Dari Zhiwei Lou, Wang Zhiwei pun gemetar, perlahan menutup jendela, berusaha menenangkan diri, lalu segera memerintah, “Siapkan kuda! Siapkan kereta! Kumpulkan buku catatan, emas dan perhiasan! Beritahu semua orang di tenggara kota, segera pindah ke barat!”
Pengelola toko besar yang berpengalaman ini sudah tahu, pasti akan terjadi malapetaka, pertarungan pengamal ilmu gaib bahkan tentara pun belum tentu mampu campur tangan, apalagi para pedagang seperti mereka. Meski jarak antara Zhiwei Lou dan jalan yang ditutup masih dua jalan, Wang Zhiwei sama sekali tidak merasa aman.
Di bagian barat kota, Wang Xing Ji juga punya usaha, dan di sana ada barak tentara, paling aman di seluruh kota.

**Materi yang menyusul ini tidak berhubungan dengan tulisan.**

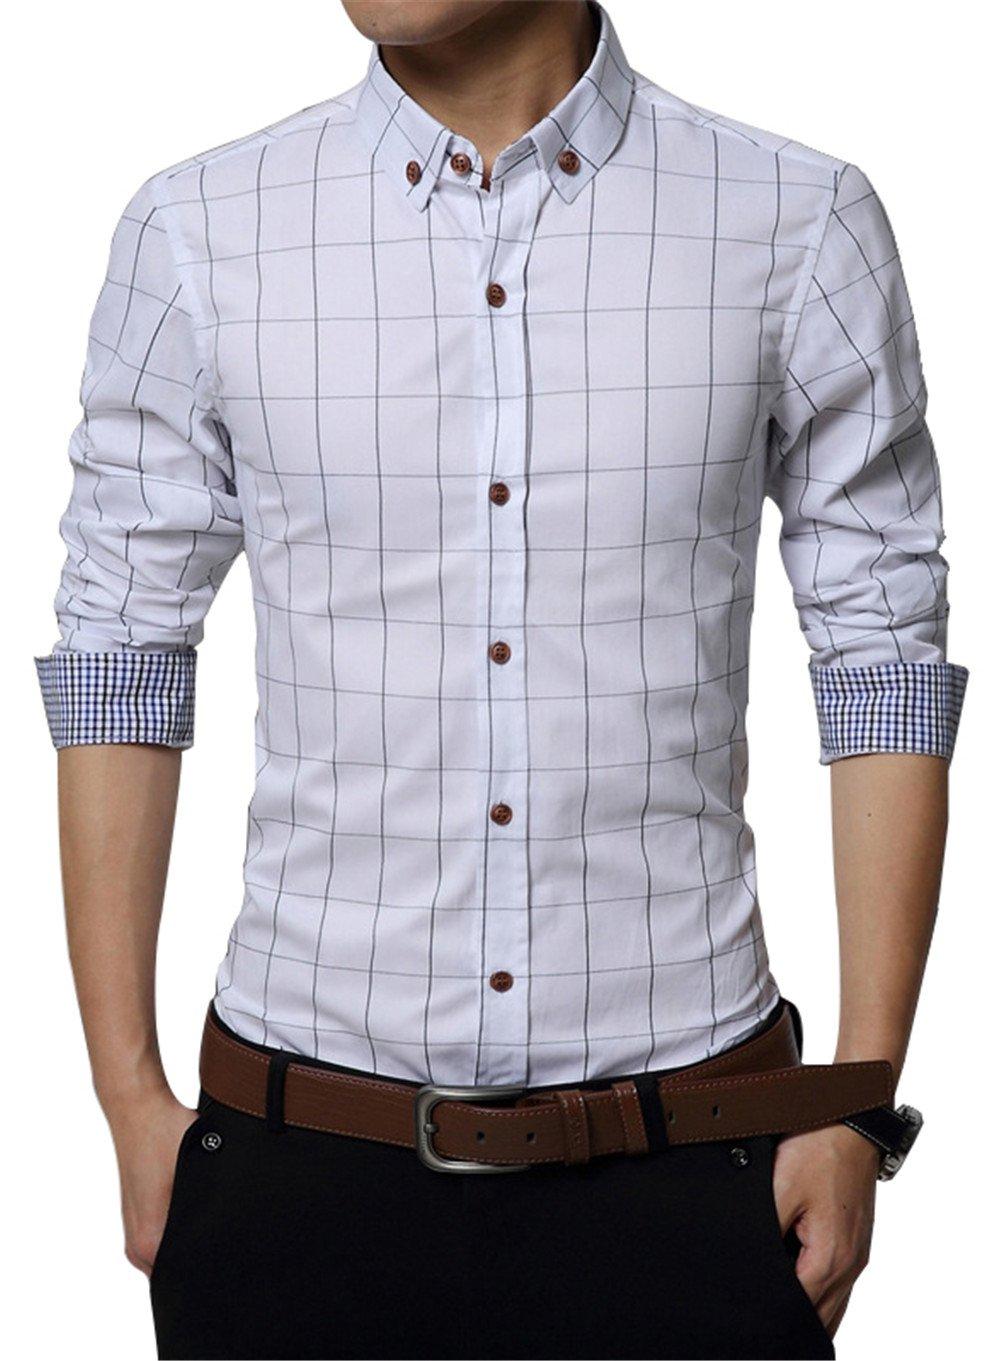 (エックスタパン) XTAPAN メンズ コットン製長袖ボタンダウンドレスシャツ カジュアル スリムフィット B01N9LP6QS 4L|White-plaid White-plaid 4L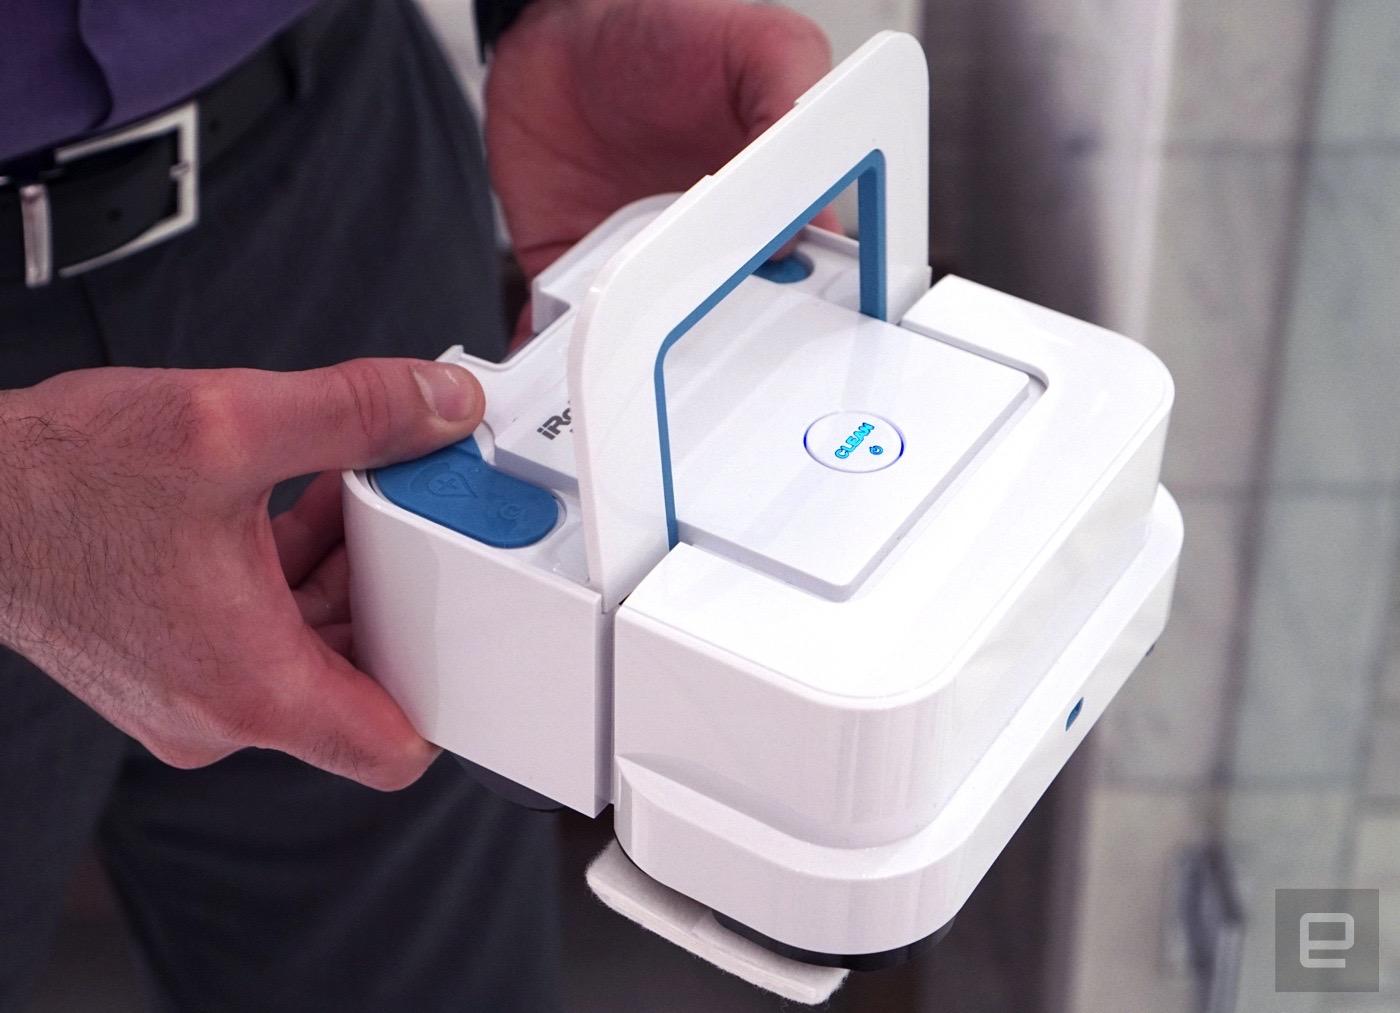 Next for iRobot, a cute $199 kitchen and bathroom mop bot

“Para pengamal ilmu gaib yang menentukan hidup mati dalam sekejap, sebesar ini, sebenarnya mereka ingin melawan siapa?”
Para pekerja toko besar bergerak sangat cepat, begitu perintah Wang Zhiwei keluar, barang sudah dikemas, kereta disiapkan. Saat naik kereta dengan pikiran penuh kecemasan, Wang Zhiwei terkejut melihat puluhan bayangan dari seluruh penjuru kota bergerak menuju jalan itu dengan kecepatan luar biasa.